The Big Bad Wolf (Alex Cross 9)
I typed: Milton. Of course.
Sterling 66: He was attending?
I typed: No—I literally bumped into him. In the men’s room. I watched him for the rest of the day. Found out where he lived. Been studying him for three months.
Sterling 66: So why did U purchase Worcester?
I knew the question was coming. Impulse, I typed. Then, But this boy in Cambridge, that’s true love. Not a casual thing.
Sterling 66: So U have a name? An address?
I typed: I do. And I have my checkbook.
Sterling 66: Worcester won’t be found? UR certain?
I could hear Potter’s voice in my head as I typed. Good Lord, no. Not unless someone goes swimming in my septic tank.
Sphinx 3000: Gross, Potter. I love it.
Sterling 66: Well, if U have checkbook in hand.
Wolf: No. We’ll wait on this. It’s too soon, Potter. We’ll get back to you. As always, I’ve enjoyed our talk, but I have other matters to attend to.
Wolf signed off. He was gone. Shit. He’d come and gone just like that. The mystery man, as always. Who was this bastard?
I stayed on-line, chatting with the others for a few minutes—expressing my disappointment at the decision, my eagerness to make a purchase. Then I left the site too.
I looked around the operation room at my colleagues. A few began to clap, partly mocking me, but mostly it was genuinely congratulatory. Cop-to-cop stuff. Almost like old times. I felt marginally accepted by the others in the room. For the first time, actually.
Chapter 82
WE WAITED TO HEAR from the Wolf’s Den. Everyone in the overcrowded room wanted to take the Wolf down in the worst way. He was a complicated and twisted criminal, but besides that, the FBI needed a win; a lot of people working their asses off needed it. Snaring the Wolf would be a tremendous victory. If we could just find him. And what if we could get all of the other sick bastards too? Sphinx. ToscaBella. Louis XV. Sterling.
Still, something was bothering me a lot. If the Wolf was as powerful and successful as he seemed to be, why was he involved in this at all? Because he’d always been into lots of kinds of crimes? Or because he was a sex freak himself? Was that it, the Wolf was a freak? Where could I go with that line of thinking?
He’s a freak, and therefore . . . ?
Except for a couple of hours when I went home to see the kids, I remained inside the Hoover Building for the next day and a half. So did a lot of other agents on the case, even Monnie Donnelley, who was as emotionally invested in this as anybody. We continued to collect information, especially about Russian mobsters in the States, but mostly we waited for a message from the Wolf’s Den to Mr. Potter. A yes or a no, a go or a no go. What was the bastard waiting for?
I talked to Jamilla several times—good talks—also to Sampson, the kids, Nana Mama. I even talked to Christine. I had to find out where her head was at about Little Alex. After our talk, I wasn’t sure if she knew, which was the most disturbing thing of all. I began to detect an ambivalent tone in her voice when she spoke about raising Alex, even though she said she was prepared to sue for custody. Considering all she’d been through, it was hard for me to stay angry at her.
I would rather have given up my right arm than my little boy, though. Just thinking about it gave me a headache that throbbed continuously and made the long wait for a resolution even worse.
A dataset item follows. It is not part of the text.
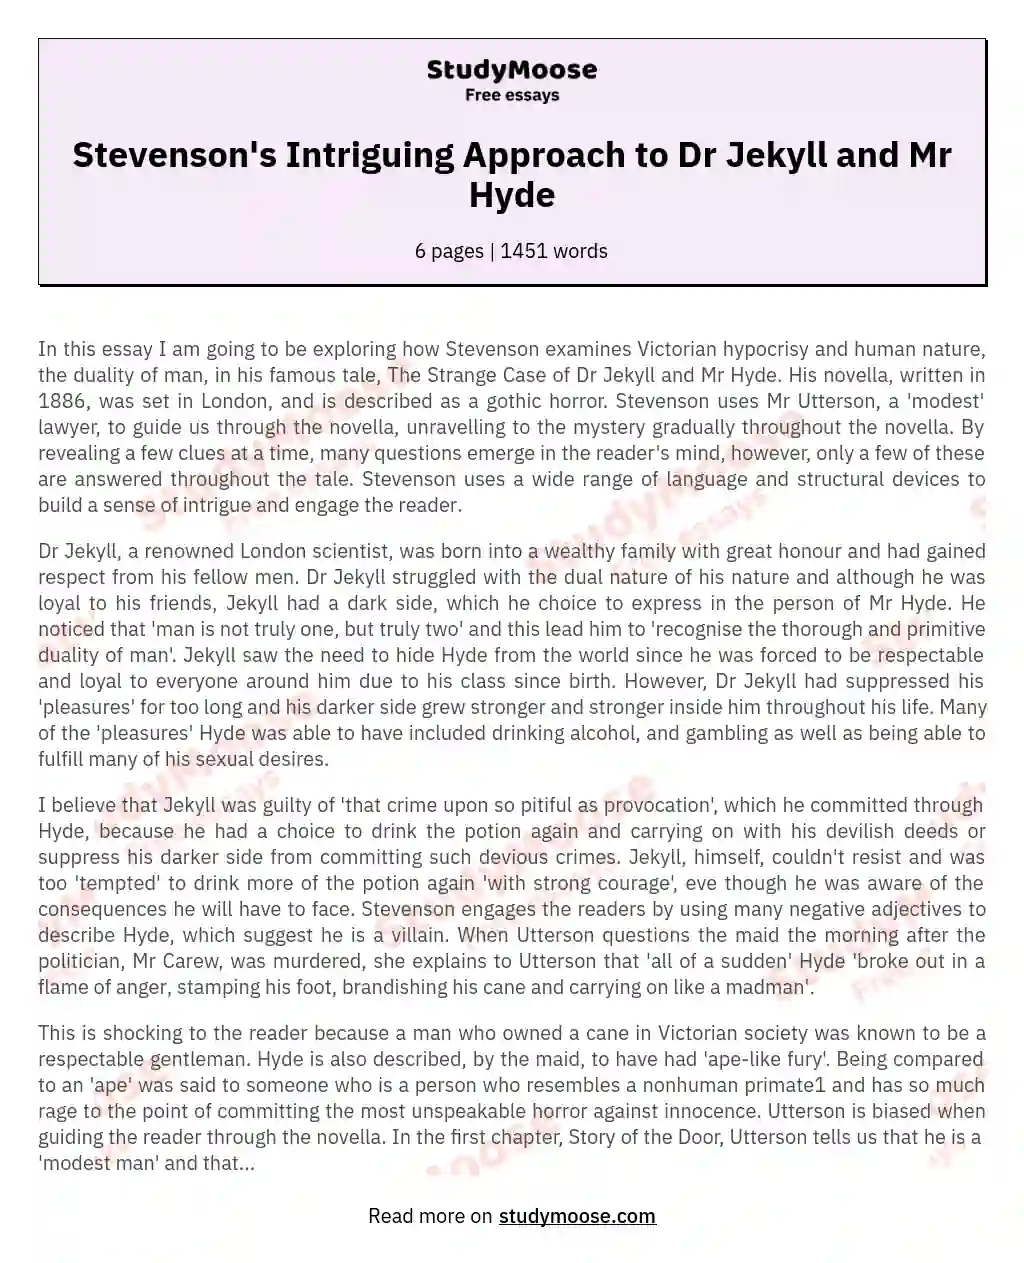 How Stevenson Creates a Sense of Intrigue and Engages the Reader's Interest in Dr Jekyll and Mr Hyde?

The phone on my desk rang around ten on the second evening, and I picked up right away. “Waiting for my call? How’s it going?” It was Jamilla, and though she sounded close, she was all the way across the country in California.
“Sucks,” I said. “I’m stuck in a small windowless room with eight smelly FBI hackers.”
“That good, huh? So I take it the Wolfman hasn’t gotten back with an answer.”
“No. And it’s not just that.” I told Jamilla about my phone call with Christine.
She wasn’t nearly as sympathetic to Christine as I was. “Who the hell does she think she is? She walked out on her little boy.”
“It’s more complicated than that,” I said.
“No, it isn’t, Alex. You always like to give people the benefit of the doubt. You think people are basically good.”
“I guess I do. That’s the reason I can do my job. Because most people are basically good and they don’t deserve the shit that gets heaped on them.”